Even if you do not run a web-search engine, but you'd like to crawl a site, you better follow its rules, or you risk getting banned from it.

Robots exclusion standard or protocol, or **robots.txt** for short, is a standard that defines how websites communicate with web crawlers (also called spiders or bots) which resources may be crawled and which may not.

The main reason for setting such rules is that blindly crawling entire websites has undesirable consequences: it increases load on the servers and on the network; in some cases to the point that it hampers the experience of other legitimate users. So the bots may want to follow robots.txt to avoid getting banned.

Robots.txt and Web crawlers

The websites, on the other hand, may want to use robots.txt communicate how they allow to be crawled and to tell which resources are crawlable and which not.

Some resources on the site might be private or irrelevant to crawlers, and a site may want to exclude them from crawling. This can also be done with robots.txt.
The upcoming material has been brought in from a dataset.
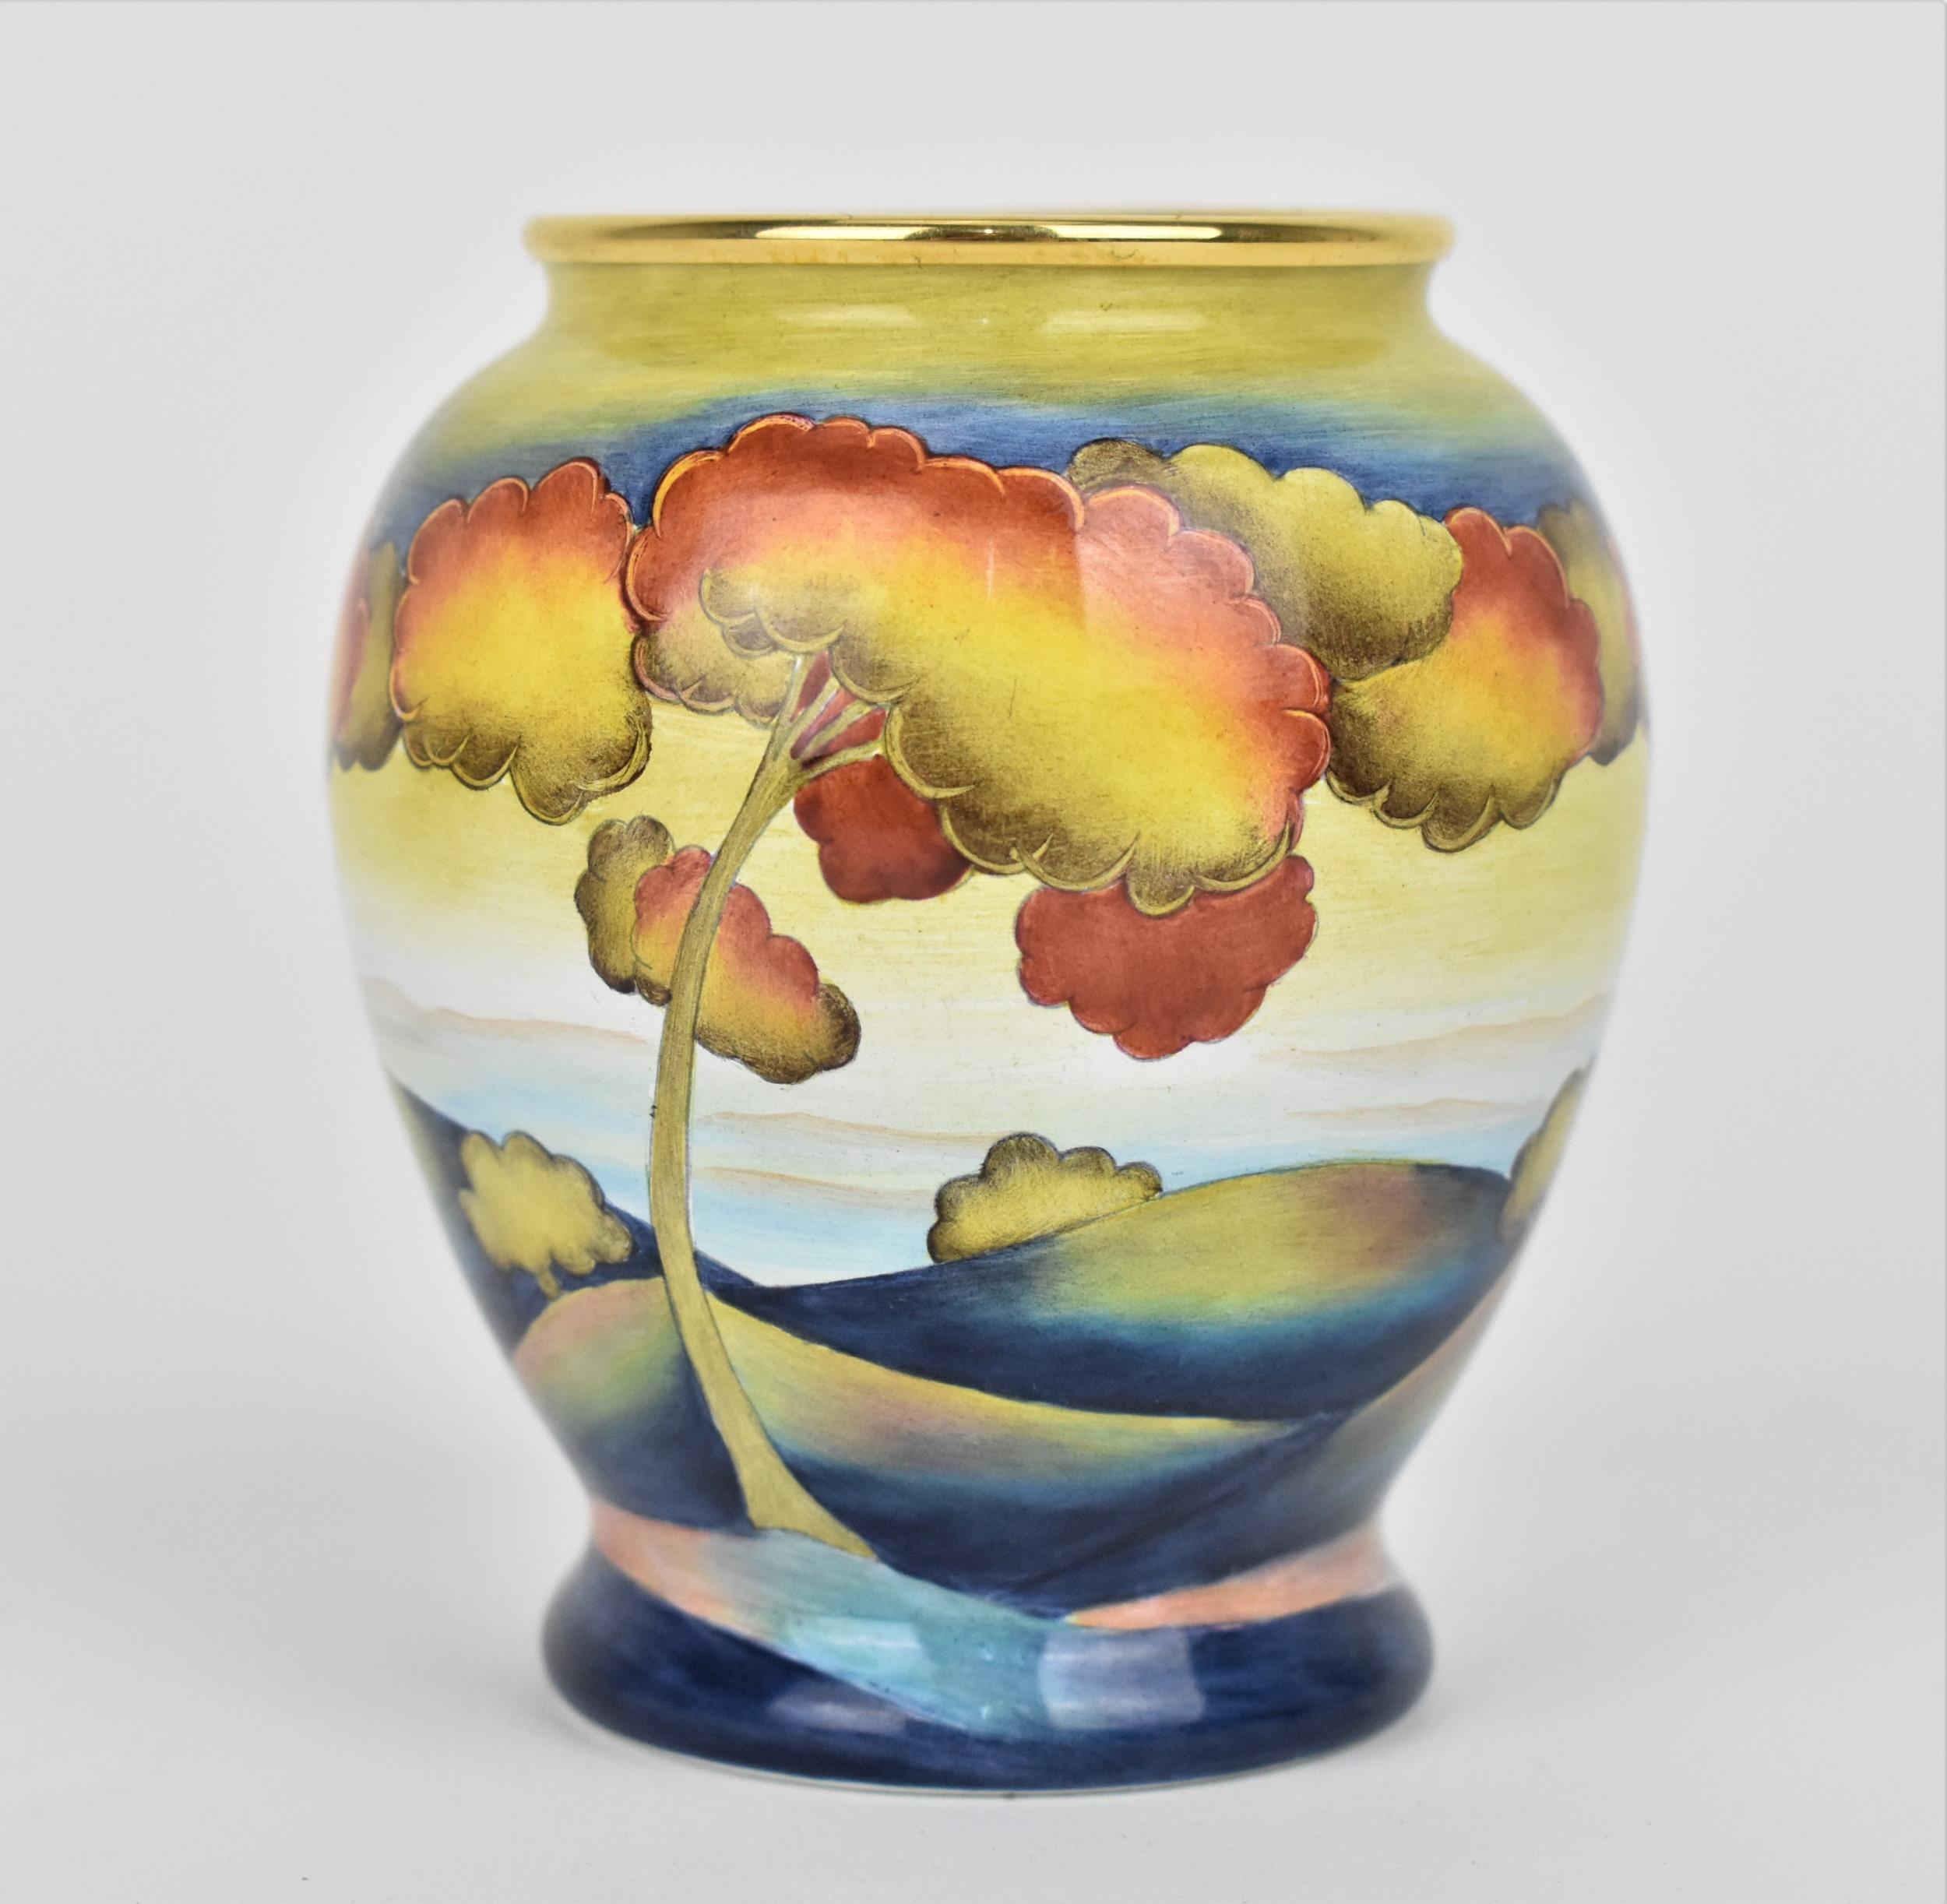 A limited edition Moorcroft Enamels Ltd miniature baluster vase in the 'Hazledene Sunset' by Carol

However, one must be aware that such rules are merely a non-enforceable suggestion. So while a nice crawler may honor robots.txt, a bad-behaving one may likely ignore them or do exactly the opposite.

The syntax of robots.txt

The file robots.txt is a plain-text file that is hosted on the webroot of a website. For instace, the robots file for Bunny.net is hosted at a predictable location: https://bunny.net/robots.txt.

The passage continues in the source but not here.